Containerization Docker Compose Reproducible setup. docker compose up and everything works.
ORM SQLAlchemy Type-safe queries, relationship handling, migration support.
Migrations Alembic Schema evolution without manual SQL. 5 migrations and counting.

Why not a simpler stack? I considered FastAPI (heavier than needed for this), MongoDB (document store doesn't help with relational analysis data), and Pinecone for embeddings (external service when pgVector runs in the same database). Each alternative added complexity without solving a problem the chosen stack couldn't handle.

Architecture Layers

The app follows a three-layer pattern. Not because it's trendy -- because skills shouldn't know about database schemas, and analysis logic shouldn't be tangled with HTTP routing.

API Layer (Flask routes)
    |-- Skills API        -- Claude Code skill integration
    |-- Analysis API      -- Chapter and section analysis
    |-- Search API        -- Full-text and semantic search
    |-- Dashboard API     -- Metrics and progress tracking
    |-- Indexing API      -- Content re-indexing triggers
        |
Service Layer (Business logic)
    |-- Analysis Pipeline -- Multi-phase content analysis
    |-- Skills Service    -- Skill data formatting
    |-- Search Service    -- Query engine (text + vector)
    |-- Dashboard Service -- Metric aggregation
    |-- Embedding Service -- Vector operations
        |
Repository Layer (Data access)
    |-- Section, Research, Analysis repositories
    |-- Embedding, Link, Quote, Statistic repositories
        |
Database (PostgreSQL + pgVector)

API layer handles HTTP concerns: request parsing, response formatting, authentication (basic API key -- this runs on localhost, not production).

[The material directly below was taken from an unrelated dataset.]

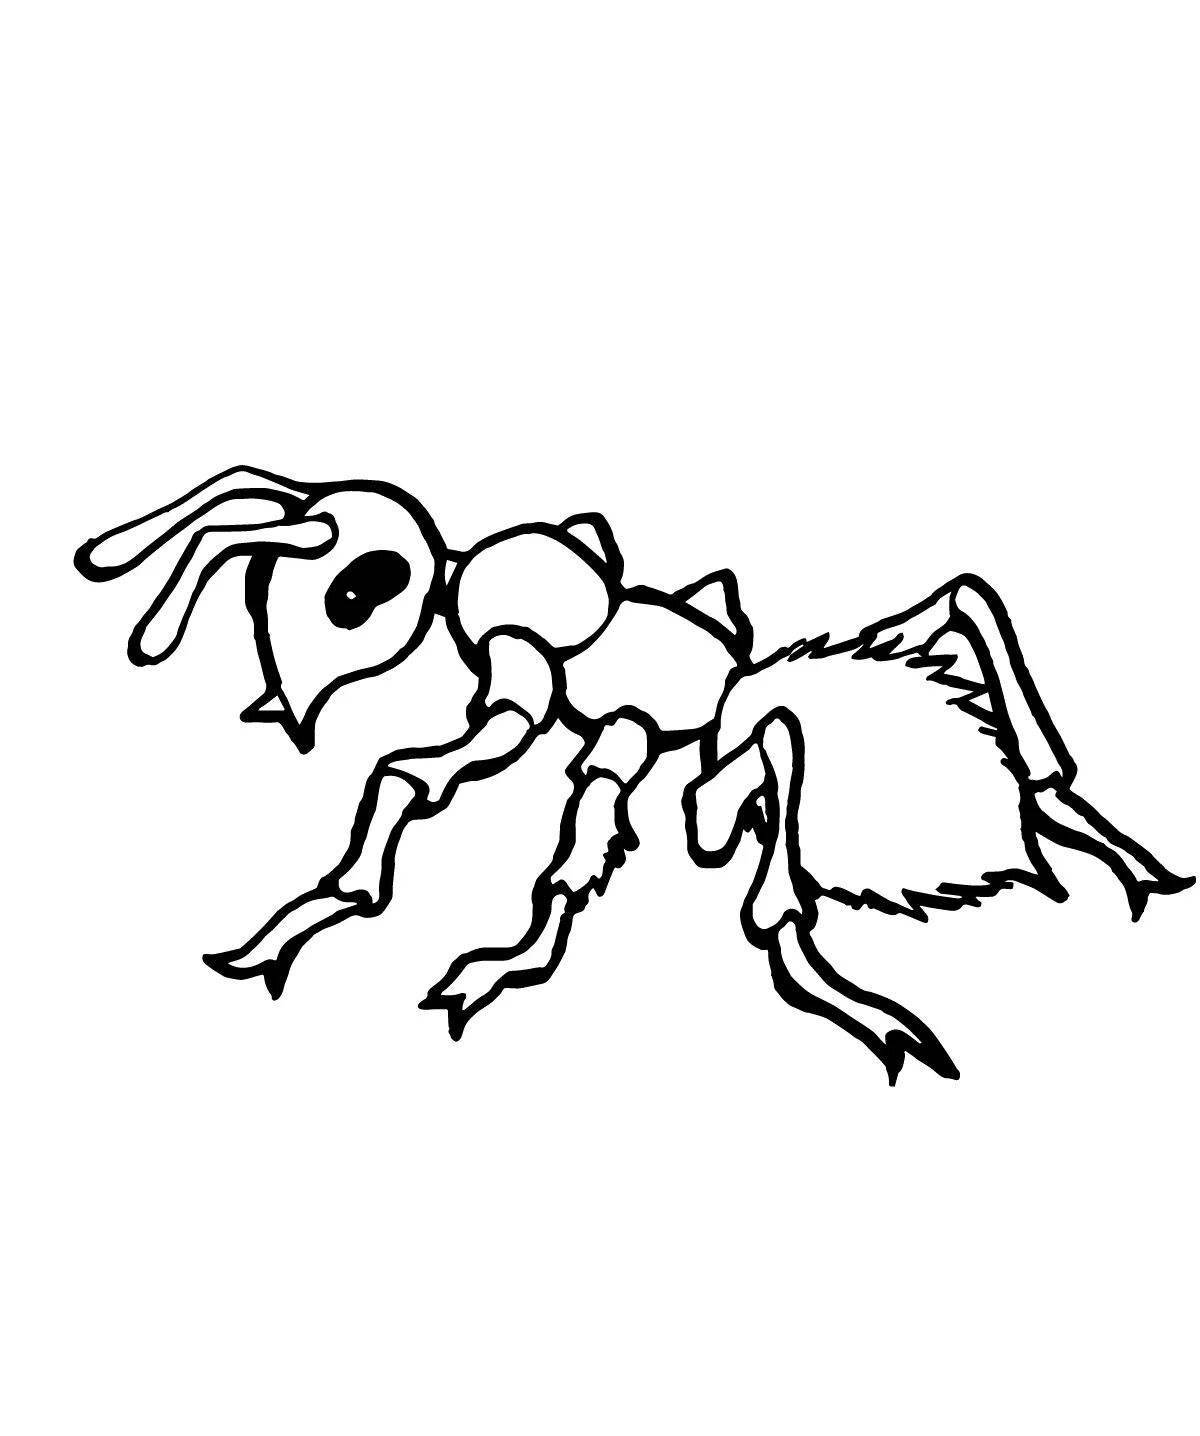 Playful ant drawing

Each API module maps to one skill or one UI view. A skill calls /api/analysis/chapter/7 and gets back JSON. It never constructs a SQL query.

Service layer holds the logic. The analysis pipeline knows how to score voice consistency. The search service knows how to combine full-text and semantic results. The dashboard service knows how to weight 6 quality dimensions into a single chapter health score. None of this logic touches Flask or SQLAlchemy directly.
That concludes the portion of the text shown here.